Explain why payments demand strong consistency, name the four rate-limiter layers, and work through webhook fan-out queue math.

The baseline arithmetic

We carry the same numbers from Walkthrough 01 into this domain-specific lens. The request rate is the same; what changes is the correctness constraint on every single one of those requests.

⚠️ Modeled, not measured — all figures in this lesson

This walkthrough models a hypothetical Stripe-style payments system from first principles. Stripe's actual internal architecture, throughput numbers, storage estimates, and operational parameters are proprietary and not public. Every figure below is derived from publicly available data (memory costs, API docs, the Stripe engineering blog) and labeled as an illustrative model. Do not treat any number here as a benchmark for Stripe or any other payment processor.

-- Baseline rates --
100,000,000 charges/day
  ÷ 86,400 s/day
  = 1,157 charges/s average  ≈ 1,160/s

Peak (3–5× average for payment spikes — e-commerce flash sales):
  1,160 × 5 = 5,800 charges/s peak  ⚠️ illustrative

-- Breakdown of API calls per charge (illustrative) --
Each charge attempt may involve:
  1 × POST /v1/charges     (or PaymentIntents equivalent)
  1 × GET  /v1/charges/:id  (polling for status)
  ~0.3 retries on average   (network errors, idempotent retries)
Total API calls ≈ 100M × 2.3 = ~230M API calls/day  ⚠️ illustrative
  = 2,660 API calls/s avg, ~13,000/s peak

Correctness at scale: why payments are not just another API

A typical read-heavy API can tolerate occasional cache staleness — a user's follower count being 15 seconds old is imperceptible. A payments API cannot. Consider what happens if you relax correctness:

Duplicate charges: A retry after a network timeout without idempotency protection charges the customer twice. At 100M charges/day with ~0.3% network-level retries (illustrative), that is ~300,000 potential duplicates per day — a catastrophic customer-trust and regulatory problem.
Stale balance reads: If a merchant's balance read hits a lagging replica and the read says "you have $5,000" when the actual balance (on the primary) is $0, an authorization based on that read approves a fraudulent or overdrafted charge.
Lost writes: If a charge write is accepted by the app tier but lost before reaching the DB (crash, network partition), the customer was charged (the card network processed it) but the merchant has no record of receiving money. This is a financial reconciliation disaster.

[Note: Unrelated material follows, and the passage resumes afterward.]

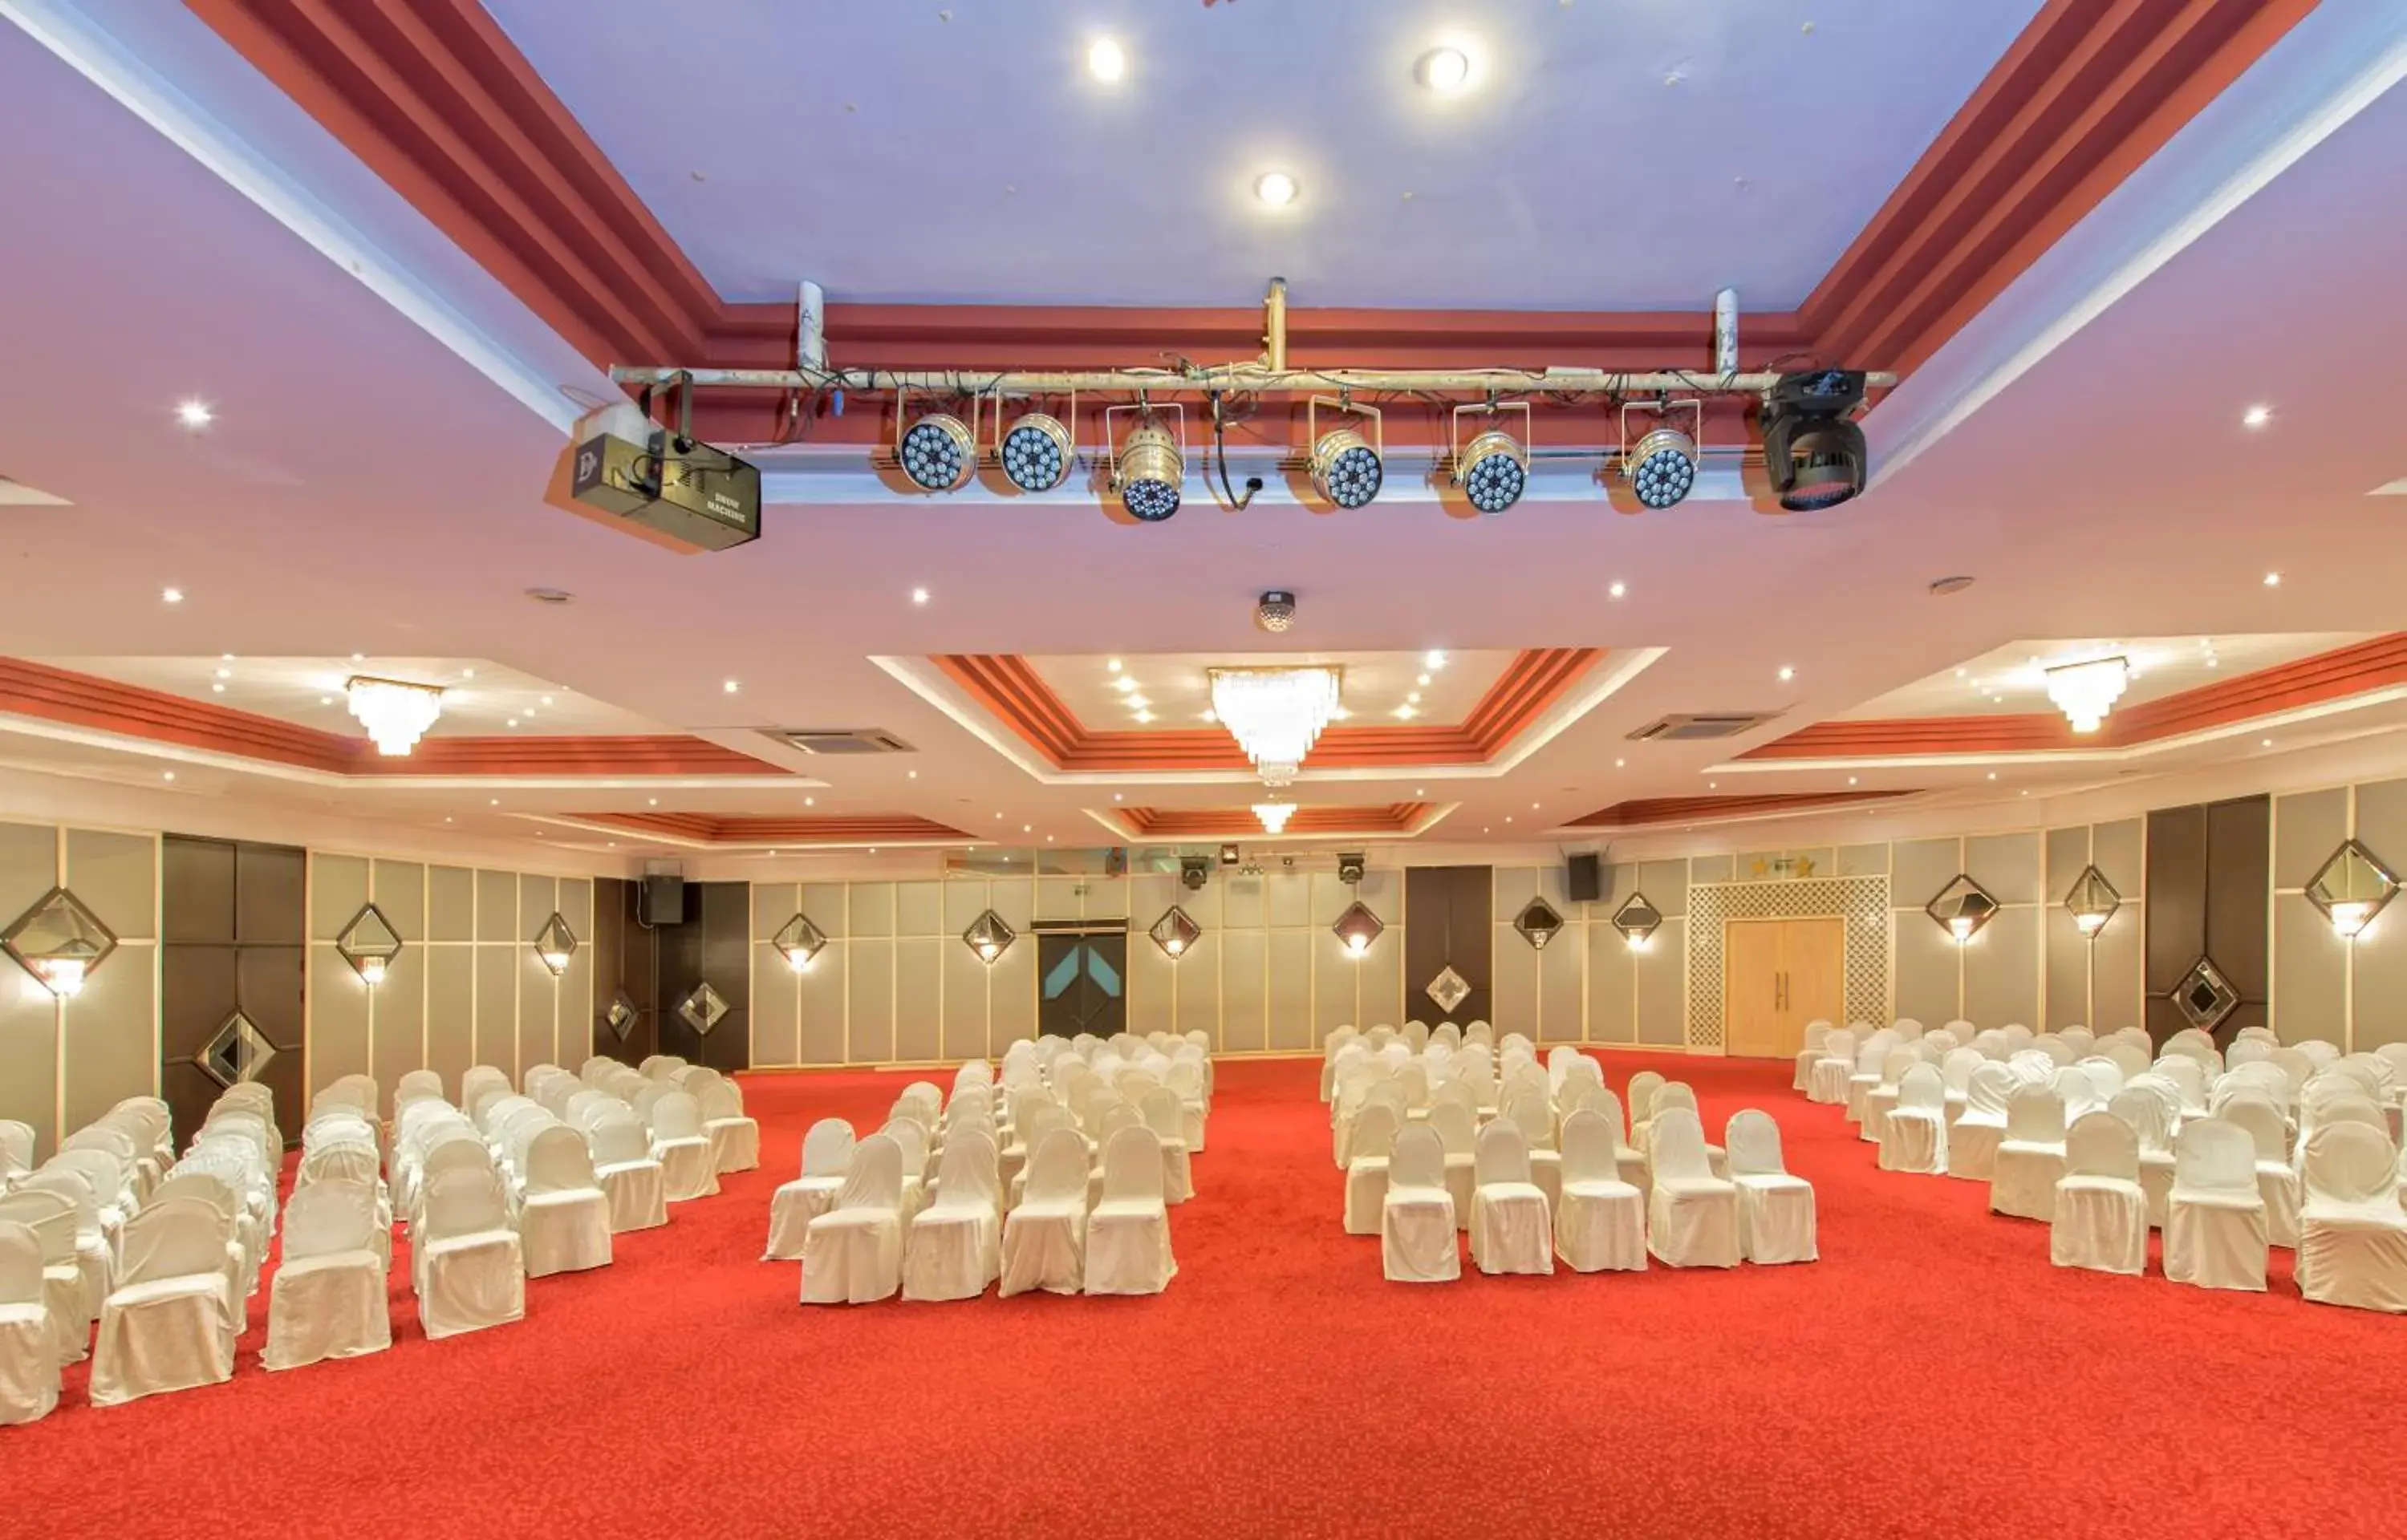 Banquet/Function facilities, Banquet Facilities in Adonis Hotel
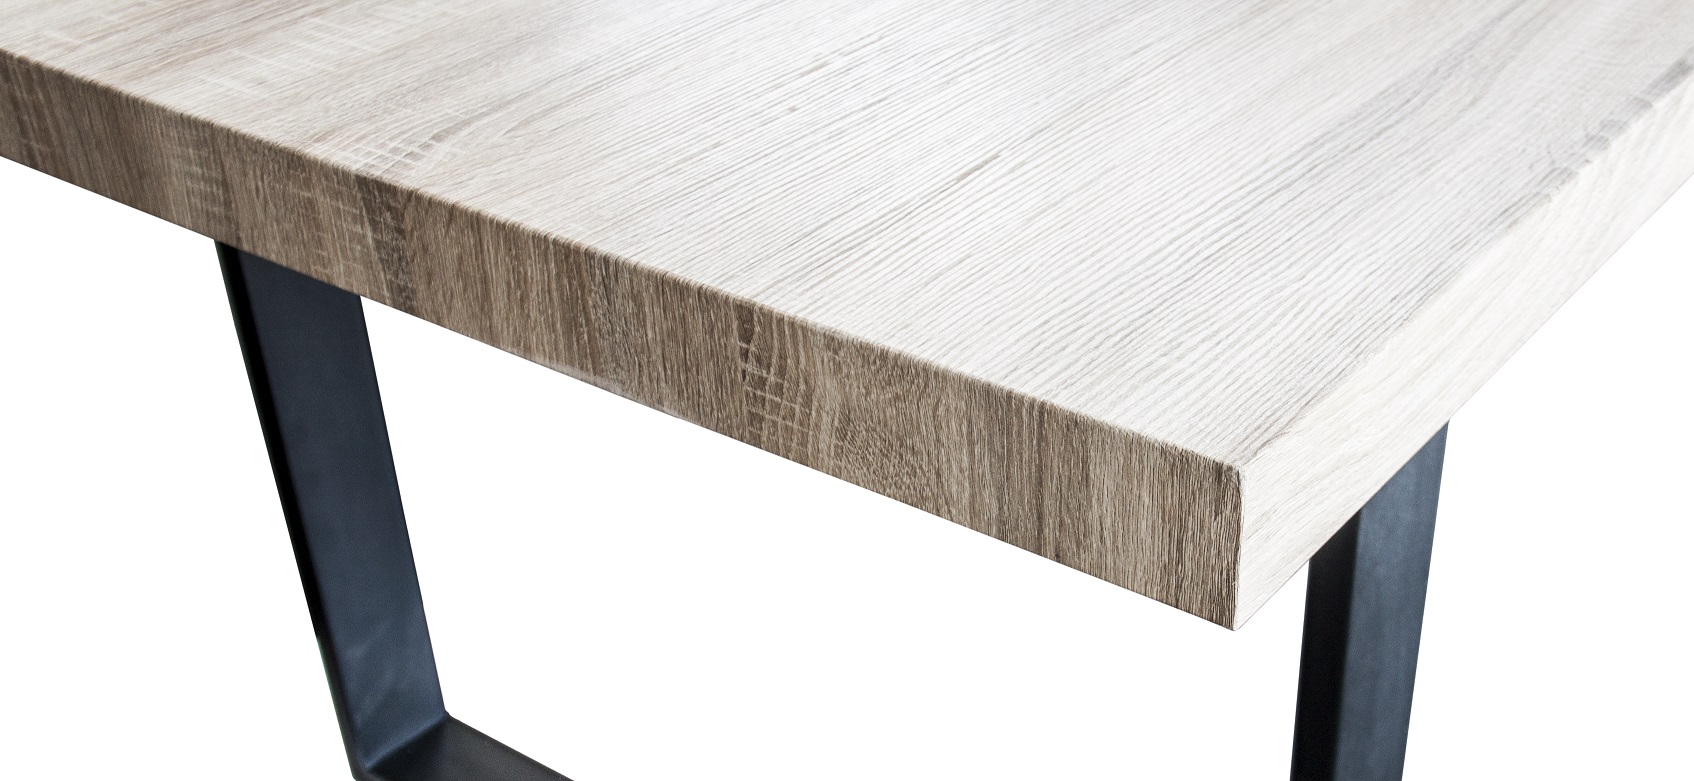 Esszimmertisch Esstisch Kufentisch Holztisch Tisch mit Tischplatte und Kufen - Sanoma Eiche + Schwarze Kufen 160x90

These failure modes define the architectural constraints: idempotency for every mutation, strong consistency for balance reads and writes, and durable state for every charge record before confirming to the caller.

The charge state machine

A charge is not a single atomic event — it is a progression through states, each representing a point of no return. The state machine defines where you can safely retry and where you cannot.

The charge state machine. The PROCESSING window is where double-charge risk peaks: the card network has received the authorization request, but the response has not yet been written back to the database. A crash or timeout here requires careful reconciliation — not a naive retry.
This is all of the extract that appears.